This HowTo provides information on installing and configuring a Common Unix Printing System on OpenWrt.

Preparation

Prerequisites

  1. obtain usb.essentials basic USB support or (parport Parallel Port support)
  2. drivers
  3. kernel module for USB printers: opkg install kmod-usb-printer
  4. Firewall: open ports tcp and udp.

CUPS mandatory uses spooling, which means that the entire print job data gets stored in a buffer (on harddisc or in RAM) before the printing is even started. Dependent of what you want to print, your resources are probably that limited that you should not use CUPS. But of course you can add resources to your hardware, like say connect a harddisc per USB.

  1. usb.storage to mount a filesystem or a SWAP partition. This should massively upgrade your endowment.
  2. you cannot mount SWAP over network but you could mount any other filesystem over the network and park the data there, see filesystem

Required Packages

Server (OpenWrt)

Name Version Size in Bytes Description
cups 1.4.4-1 2 217 619 A printer spooling system for devices with USB or LP support.
zlib 1.2.5-1 39 388 Library implementing the deflate compression method
libpthread 0.9.32-65 30 717 POSIX thread library
libpng 1.2.44-1 128 723 A PNG format files handling library
libjpeg 6b-1 61 963 The Independent JPEG Group's JPEG runtime library
libstdcpp 4.3.3+cs-65 232 642 GNU Standard C++ Library v3
cups-bjnp 0.5.4-1 11 293 (optional) Description: CUPS backend for the canon printers using the proprietary USB over IP BJNP protocol. This backend allows Cups to print over the network to a Canon printer. It currently supports Cups 1.2 and Cups 1.3 and is designed by reverse engineering.

Installation

opkg

opkg install cups
vi /etc/cups.conf
If you have external storage, change the CUPS spool directory so that it resides on this storage:  
vi /etc/cups/cupsd.conf and change- RequestRoot /opt/var/spool/cups
. /etc/init.d/cupsd enable
. /etc/init.d/cupsd start
netstat -a
iptables -I INPUT -j ACCEPT -i eth0.1 -p tcp --port ?????
iptables -I INPUT -j ACCEPT -i eth0.1 -p udp --port ?????

Configuration

CUPSD configuration

Use Cups own configuration Web GUI. If cups is running, you should be able to find it at http://192.168.1.1:631 (that is port 631 of your router's own address).

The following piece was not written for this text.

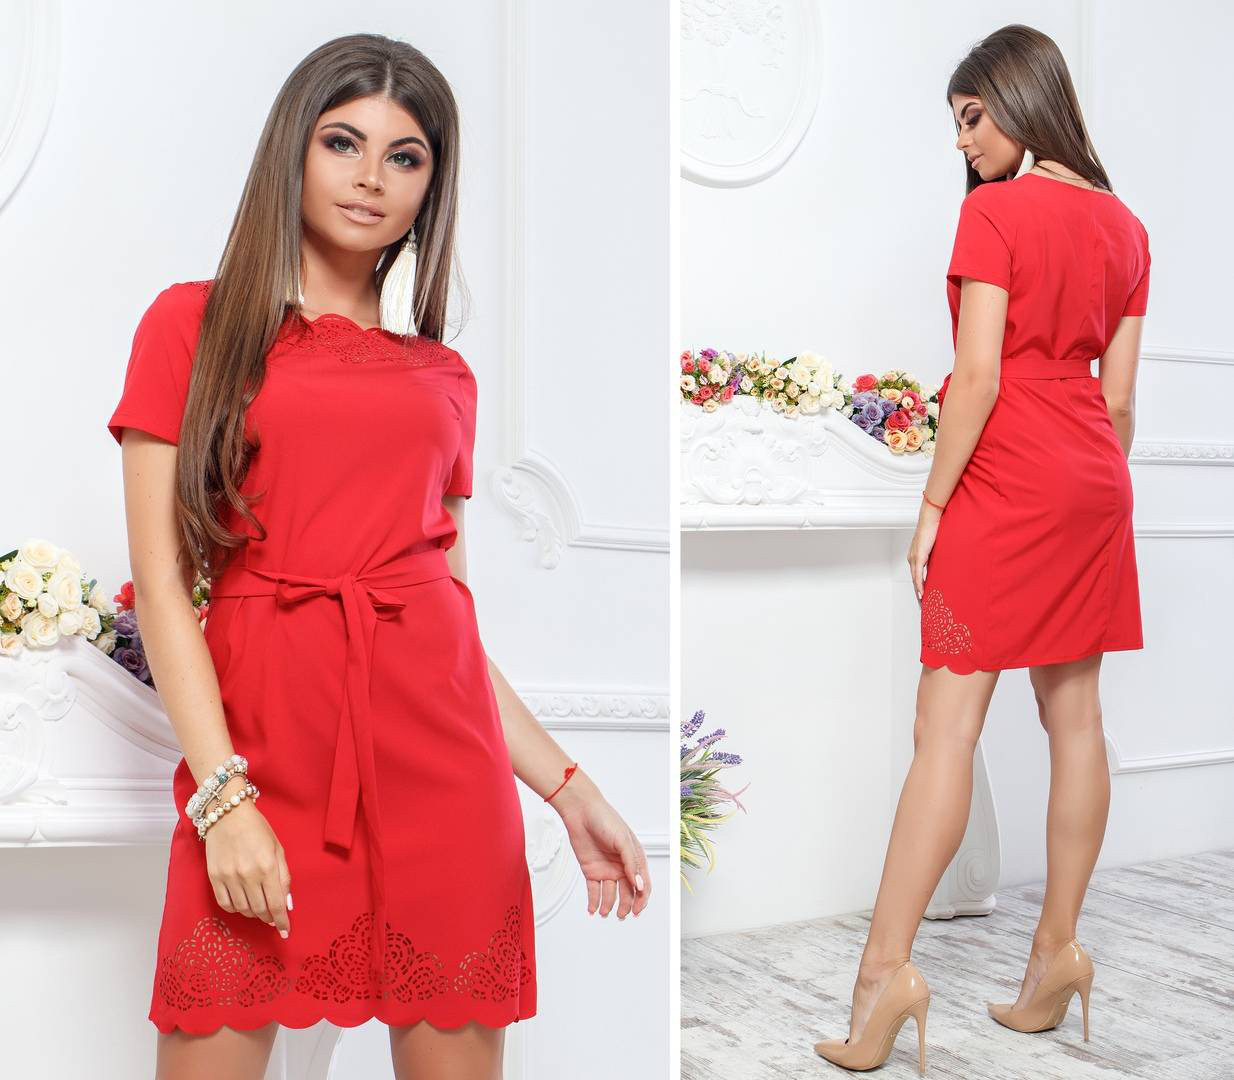 Плаття літнє з вибитим малюнком, модель 109, колір - червоний

The default cups configuration in Attitude Adjustment uses the host system authentication mechanism, so in order to log in as Administrator, use the root username and its password (the same you use at the Lucy log-in screen).

An alternative to the Web GUI is text file configuration: configure /etc/cups/cups.conf according to man cupsd.conf. Notice that some configuration files (such as /etc/cups/printers.conf) should not be edited while cups is running. Many cups text files are meant to be modified by the lpadmin command.

Permissions Problems

If you have problems with permissions, try to change /etc/cups/cupsd.conf to fit your local TCP/IP network:

Order Deny,Allow
Deny From All
Allow from 127.0.0.1
Allow from 192.168.1.0/24 #your ip area.

Toubleshooting: Need drivers uploaded on power up ?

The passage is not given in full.